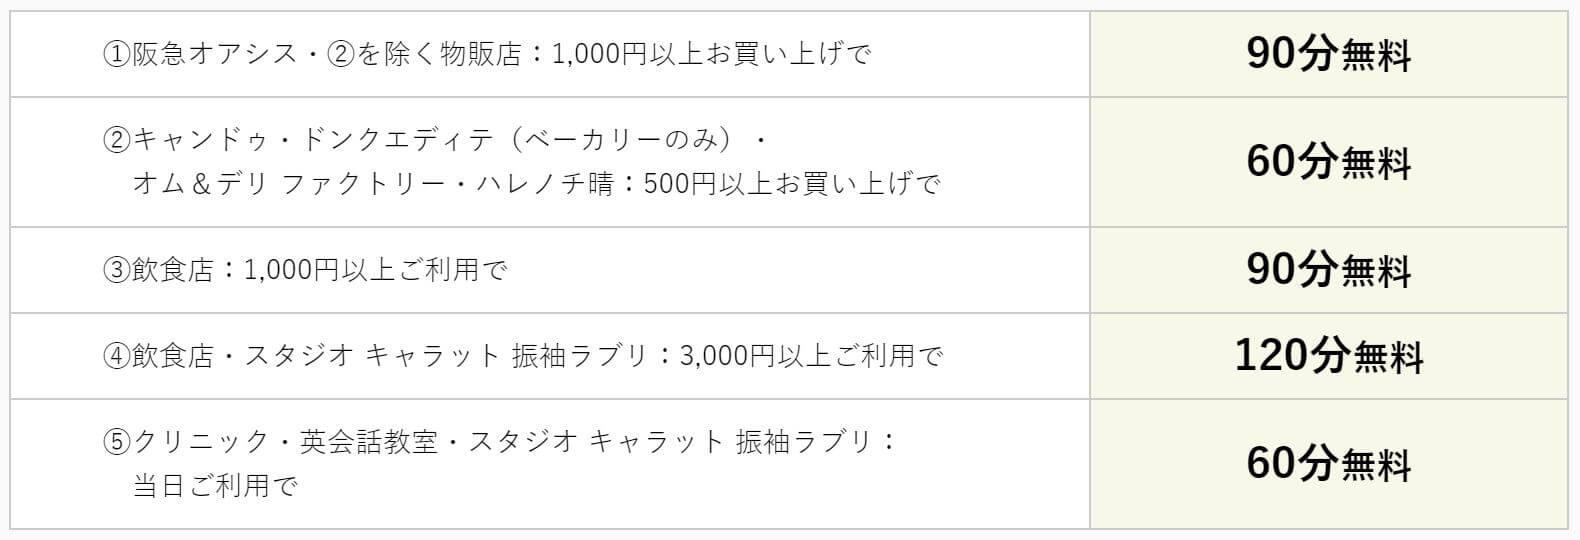 吹田グリーンプレイス駐車料金
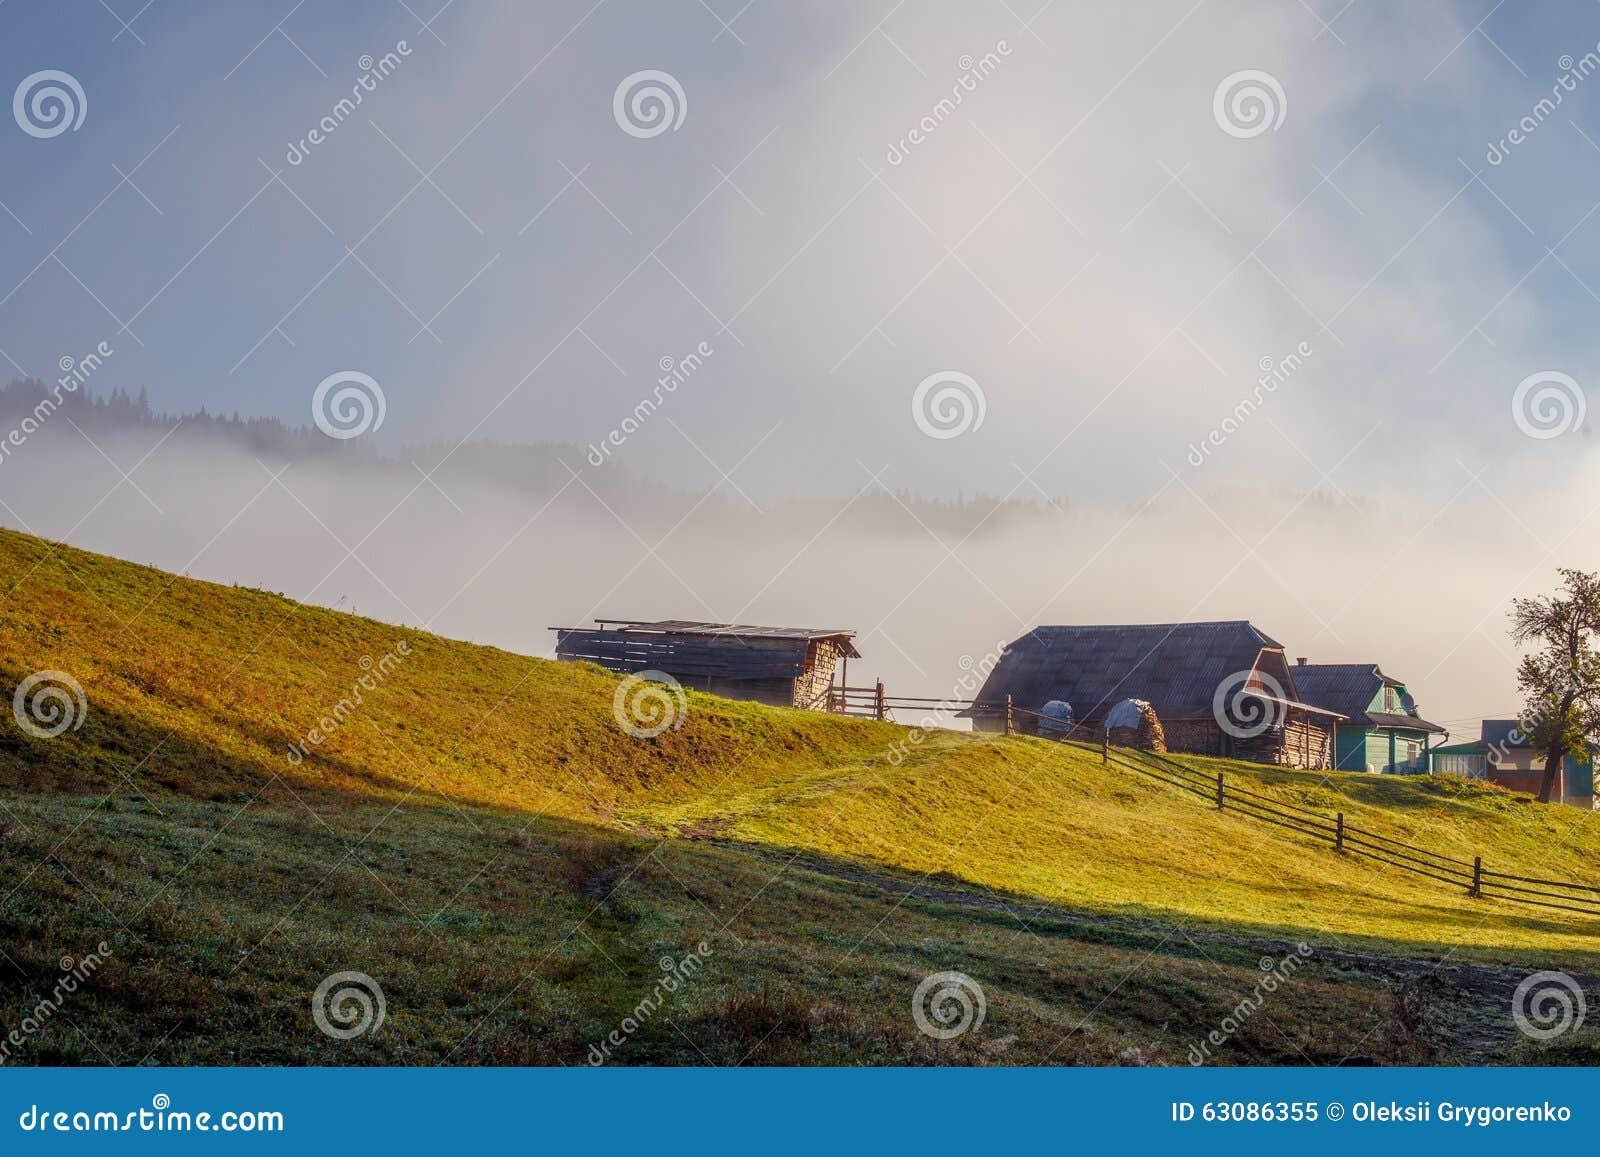 Download Maisons En Bois Sur La Colline Sur Le Fond De Brouillard Image stock - Image du gouttelette, couleur: 63086355
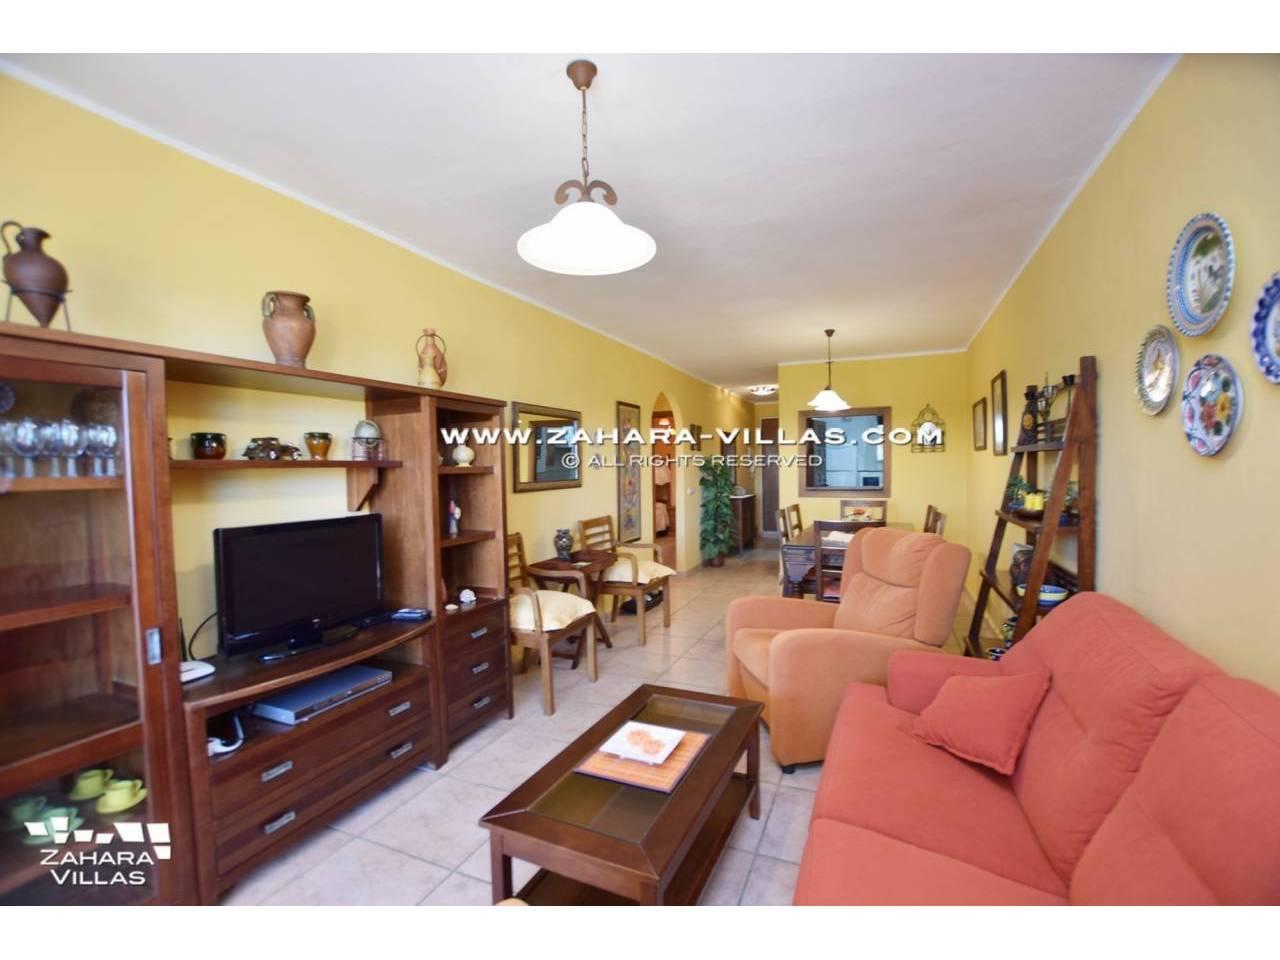 Imagen 5 de Apartamento en venta en urbanización Jardines de Zahara
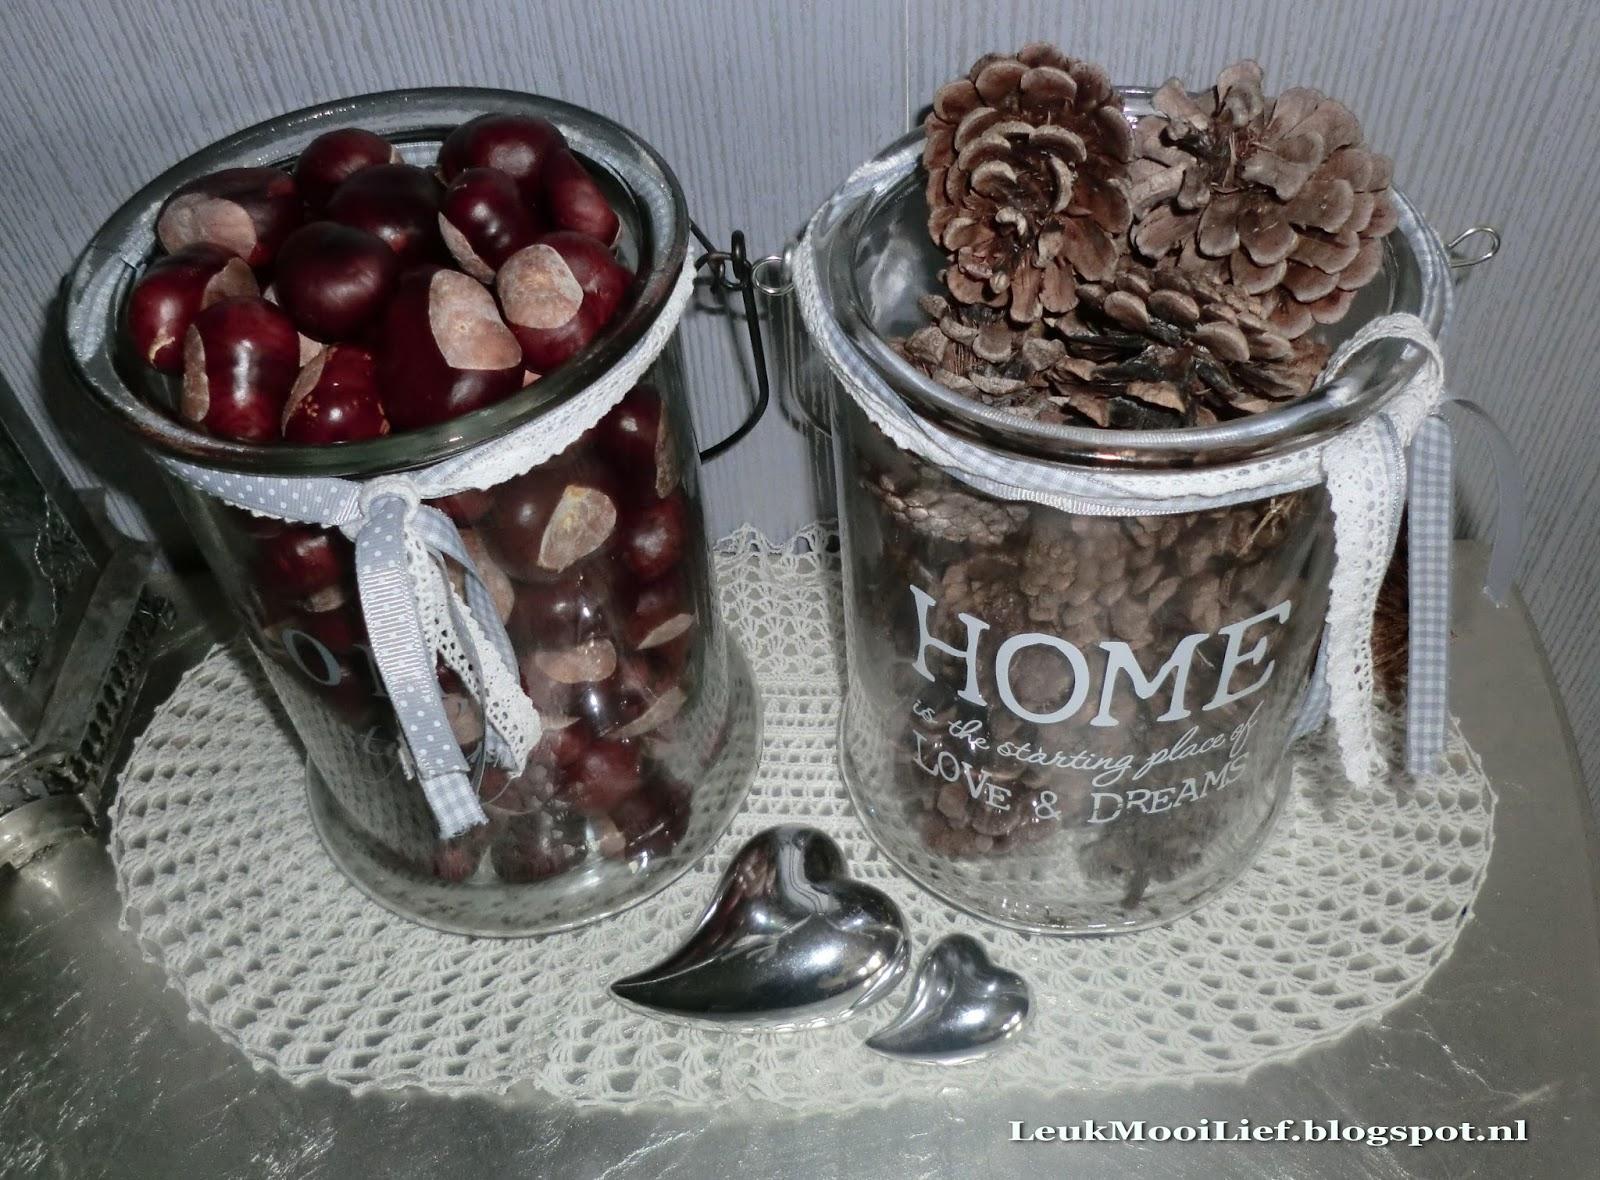 Leuk mooi lief herfst in huis

________________________

### WHAT YOU ARE ASKED TO DO
Transcribe the whole listing, character for character, but not its images.

### TASK OUTPUT
 吹田グリーンプレイス駐車料金
 Download Maisons En Bois Sur La Colline Sur Le Fond De Brouillard Image stock - Image du gouttelette, couleur: 63086355
 Imagen 5 de Apartamento en venta en urbanización Jardines de Zahara
 Leuk mooi lief herfst in huis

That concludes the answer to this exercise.